YOUR OBJECTIVE
Return the line that contains "X-Ray has been" plus every line after it to the end of the entries below, exactly as given, and stop there.

DATA SHOWN

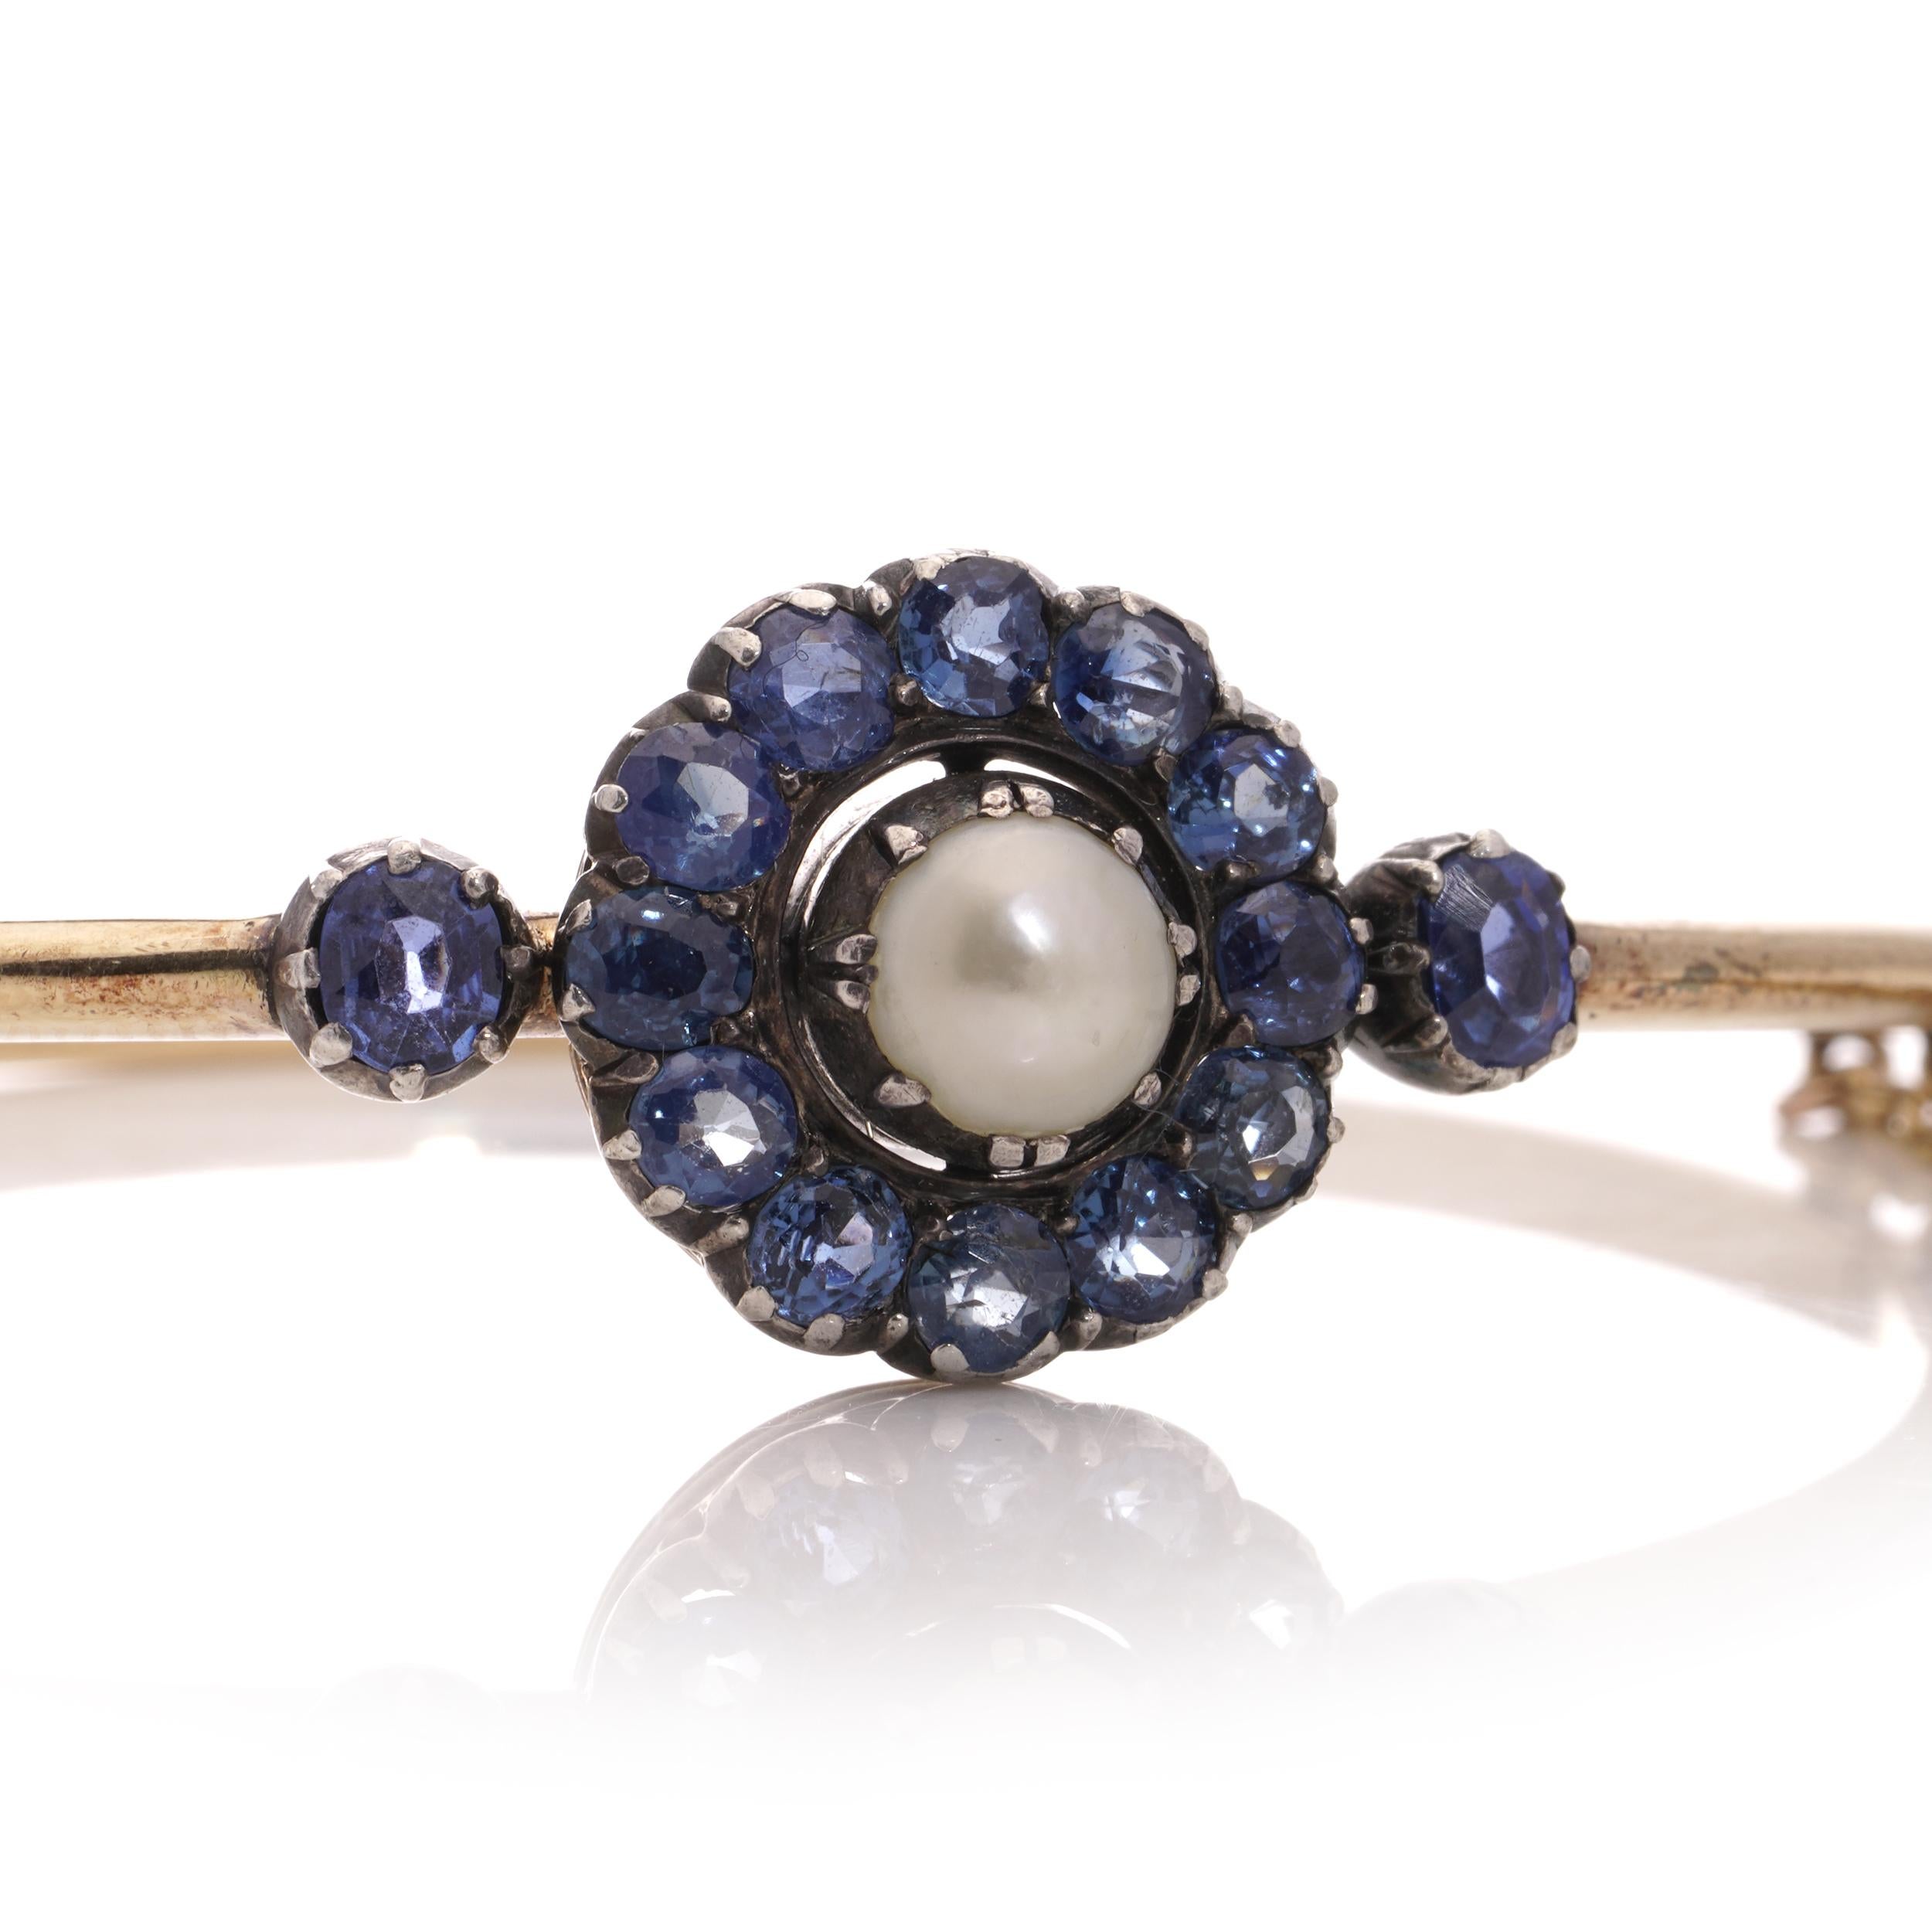 Antique Victorian 15kt. gold and silver Sapphire cluster bangle with natural pearl. 
Made in Europe, Circa 1880s 
X-Ray has been tested positive for 15kt gold and silver. 
Clasp hallmarked with maker's mark (unidentified ). 

Dimensions

SOLUTION TO THE PROBLEM
X-Ray has been tested positive for 15kt gold and silver. 
Clasp hallmarked with maker's mark (unidentified ). 

Dimensions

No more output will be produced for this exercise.